### YOUR OBJECTIVE:
Find the line in the entries below that contains "Candy Crew Round". Repeat it exactly, and every line after it through the line that contains "SVG of Mid century".
---------- EXTRACTED RECORDS ----------
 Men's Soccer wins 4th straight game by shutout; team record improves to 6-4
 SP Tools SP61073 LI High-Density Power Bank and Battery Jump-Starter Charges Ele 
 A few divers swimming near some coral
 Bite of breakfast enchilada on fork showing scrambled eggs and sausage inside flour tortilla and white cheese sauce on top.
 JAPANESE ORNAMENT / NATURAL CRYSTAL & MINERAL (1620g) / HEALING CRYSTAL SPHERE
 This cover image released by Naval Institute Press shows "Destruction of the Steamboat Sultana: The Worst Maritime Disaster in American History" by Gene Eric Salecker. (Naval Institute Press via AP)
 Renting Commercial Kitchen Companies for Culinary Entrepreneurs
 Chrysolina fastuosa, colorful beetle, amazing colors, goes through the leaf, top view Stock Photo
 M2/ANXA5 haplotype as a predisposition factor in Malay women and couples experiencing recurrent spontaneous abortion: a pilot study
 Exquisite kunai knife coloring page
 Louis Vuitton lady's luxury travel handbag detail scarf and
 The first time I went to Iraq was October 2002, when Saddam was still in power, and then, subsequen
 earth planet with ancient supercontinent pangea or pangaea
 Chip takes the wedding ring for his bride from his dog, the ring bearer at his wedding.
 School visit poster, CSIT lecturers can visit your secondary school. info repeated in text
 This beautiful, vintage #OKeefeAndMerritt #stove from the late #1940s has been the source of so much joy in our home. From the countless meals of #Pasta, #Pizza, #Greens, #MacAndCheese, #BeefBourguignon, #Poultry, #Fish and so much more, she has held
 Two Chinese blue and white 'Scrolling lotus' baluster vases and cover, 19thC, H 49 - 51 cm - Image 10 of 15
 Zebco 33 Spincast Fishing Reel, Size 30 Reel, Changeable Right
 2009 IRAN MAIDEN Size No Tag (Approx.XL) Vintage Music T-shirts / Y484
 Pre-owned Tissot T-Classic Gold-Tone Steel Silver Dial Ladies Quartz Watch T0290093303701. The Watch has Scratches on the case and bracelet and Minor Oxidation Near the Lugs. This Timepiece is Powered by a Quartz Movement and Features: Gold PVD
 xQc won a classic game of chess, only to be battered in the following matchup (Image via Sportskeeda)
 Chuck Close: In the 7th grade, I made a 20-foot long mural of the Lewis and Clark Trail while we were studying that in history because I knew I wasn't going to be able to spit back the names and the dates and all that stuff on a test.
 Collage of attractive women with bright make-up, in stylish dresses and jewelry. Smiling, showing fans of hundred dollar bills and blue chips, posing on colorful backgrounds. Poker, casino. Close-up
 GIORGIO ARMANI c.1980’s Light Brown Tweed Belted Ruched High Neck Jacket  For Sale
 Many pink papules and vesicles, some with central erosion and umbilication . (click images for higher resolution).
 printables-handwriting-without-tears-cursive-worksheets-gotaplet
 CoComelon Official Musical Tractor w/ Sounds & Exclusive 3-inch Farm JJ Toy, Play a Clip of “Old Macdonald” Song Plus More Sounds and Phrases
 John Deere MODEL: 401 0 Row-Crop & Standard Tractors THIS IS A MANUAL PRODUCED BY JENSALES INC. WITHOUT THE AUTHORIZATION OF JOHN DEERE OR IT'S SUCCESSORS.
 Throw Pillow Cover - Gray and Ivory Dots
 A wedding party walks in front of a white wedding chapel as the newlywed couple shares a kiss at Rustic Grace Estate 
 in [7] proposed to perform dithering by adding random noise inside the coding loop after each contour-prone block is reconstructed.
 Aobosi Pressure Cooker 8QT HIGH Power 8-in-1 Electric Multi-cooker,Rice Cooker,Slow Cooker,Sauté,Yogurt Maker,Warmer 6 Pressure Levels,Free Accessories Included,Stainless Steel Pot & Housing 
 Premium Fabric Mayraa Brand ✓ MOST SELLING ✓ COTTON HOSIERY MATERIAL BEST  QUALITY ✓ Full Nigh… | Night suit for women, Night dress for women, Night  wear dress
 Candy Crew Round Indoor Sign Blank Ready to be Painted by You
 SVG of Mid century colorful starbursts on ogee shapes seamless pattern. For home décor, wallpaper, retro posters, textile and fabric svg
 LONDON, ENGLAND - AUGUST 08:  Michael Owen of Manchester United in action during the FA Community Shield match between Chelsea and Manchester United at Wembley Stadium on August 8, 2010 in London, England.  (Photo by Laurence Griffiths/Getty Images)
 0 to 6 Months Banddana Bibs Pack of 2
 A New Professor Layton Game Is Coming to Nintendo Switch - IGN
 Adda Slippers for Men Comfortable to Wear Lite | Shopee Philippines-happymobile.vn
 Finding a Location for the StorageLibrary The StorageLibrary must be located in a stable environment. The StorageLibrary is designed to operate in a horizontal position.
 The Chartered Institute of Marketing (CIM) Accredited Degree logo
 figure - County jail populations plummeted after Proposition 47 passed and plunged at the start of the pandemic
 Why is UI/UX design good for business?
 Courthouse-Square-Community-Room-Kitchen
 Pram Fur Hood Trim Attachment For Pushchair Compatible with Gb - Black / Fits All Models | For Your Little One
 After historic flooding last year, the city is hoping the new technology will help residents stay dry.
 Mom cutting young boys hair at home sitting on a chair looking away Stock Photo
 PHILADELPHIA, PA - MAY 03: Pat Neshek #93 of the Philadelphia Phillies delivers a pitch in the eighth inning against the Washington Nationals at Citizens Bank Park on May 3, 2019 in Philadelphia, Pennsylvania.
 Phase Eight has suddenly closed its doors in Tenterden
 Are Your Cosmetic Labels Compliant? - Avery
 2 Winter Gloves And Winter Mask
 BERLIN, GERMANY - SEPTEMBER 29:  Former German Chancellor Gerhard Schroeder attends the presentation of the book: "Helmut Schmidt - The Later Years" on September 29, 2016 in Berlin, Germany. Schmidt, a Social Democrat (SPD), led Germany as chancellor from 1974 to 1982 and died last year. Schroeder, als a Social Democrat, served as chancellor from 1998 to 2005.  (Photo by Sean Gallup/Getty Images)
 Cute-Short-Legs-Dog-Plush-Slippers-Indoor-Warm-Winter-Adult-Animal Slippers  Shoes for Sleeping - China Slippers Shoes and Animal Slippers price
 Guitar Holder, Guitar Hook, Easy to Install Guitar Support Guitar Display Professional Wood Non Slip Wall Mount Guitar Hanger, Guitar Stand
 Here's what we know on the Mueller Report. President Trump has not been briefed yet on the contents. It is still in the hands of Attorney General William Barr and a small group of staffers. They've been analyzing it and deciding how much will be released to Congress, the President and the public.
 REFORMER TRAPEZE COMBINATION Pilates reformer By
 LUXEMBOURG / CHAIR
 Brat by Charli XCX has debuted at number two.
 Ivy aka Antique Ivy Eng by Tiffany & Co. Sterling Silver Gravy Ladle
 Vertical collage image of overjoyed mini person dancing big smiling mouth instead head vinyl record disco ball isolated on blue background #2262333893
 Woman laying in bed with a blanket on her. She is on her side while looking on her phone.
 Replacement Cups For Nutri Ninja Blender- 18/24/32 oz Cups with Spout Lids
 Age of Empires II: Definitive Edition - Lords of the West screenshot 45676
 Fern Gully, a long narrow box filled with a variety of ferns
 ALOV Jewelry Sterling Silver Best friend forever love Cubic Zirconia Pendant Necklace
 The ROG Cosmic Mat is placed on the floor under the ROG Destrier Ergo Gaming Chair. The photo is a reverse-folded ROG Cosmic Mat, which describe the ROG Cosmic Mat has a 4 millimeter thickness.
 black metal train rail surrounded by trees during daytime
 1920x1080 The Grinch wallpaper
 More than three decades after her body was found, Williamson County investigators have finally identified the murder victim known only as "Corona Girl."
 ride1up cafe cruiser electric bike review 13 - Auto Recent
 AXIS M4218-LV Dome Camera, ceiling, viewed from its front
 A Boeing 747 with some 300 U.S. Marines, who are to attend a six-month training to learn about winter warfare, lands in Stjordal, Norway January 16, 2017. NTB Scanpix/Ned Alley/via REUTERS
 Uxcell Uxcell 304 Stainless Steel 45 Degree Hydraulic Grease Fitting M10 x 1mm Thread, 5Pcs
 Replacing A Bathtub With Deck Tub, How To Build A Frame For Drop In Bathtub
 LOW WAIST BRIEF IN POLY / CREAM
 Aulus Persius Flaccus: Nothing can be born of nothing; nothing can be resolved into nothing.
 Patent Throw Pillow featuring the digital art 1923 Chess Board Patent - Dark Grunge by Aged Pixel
----------
### TASK RESPONSE:
 Candy Crew Round Indoor Sign Blank Ready to be Painted by You
 SVG of Mid century colorful starbursts on ogee shapes seamless pattern. For home décor, wallpaper, retro posters, textile and fabric svg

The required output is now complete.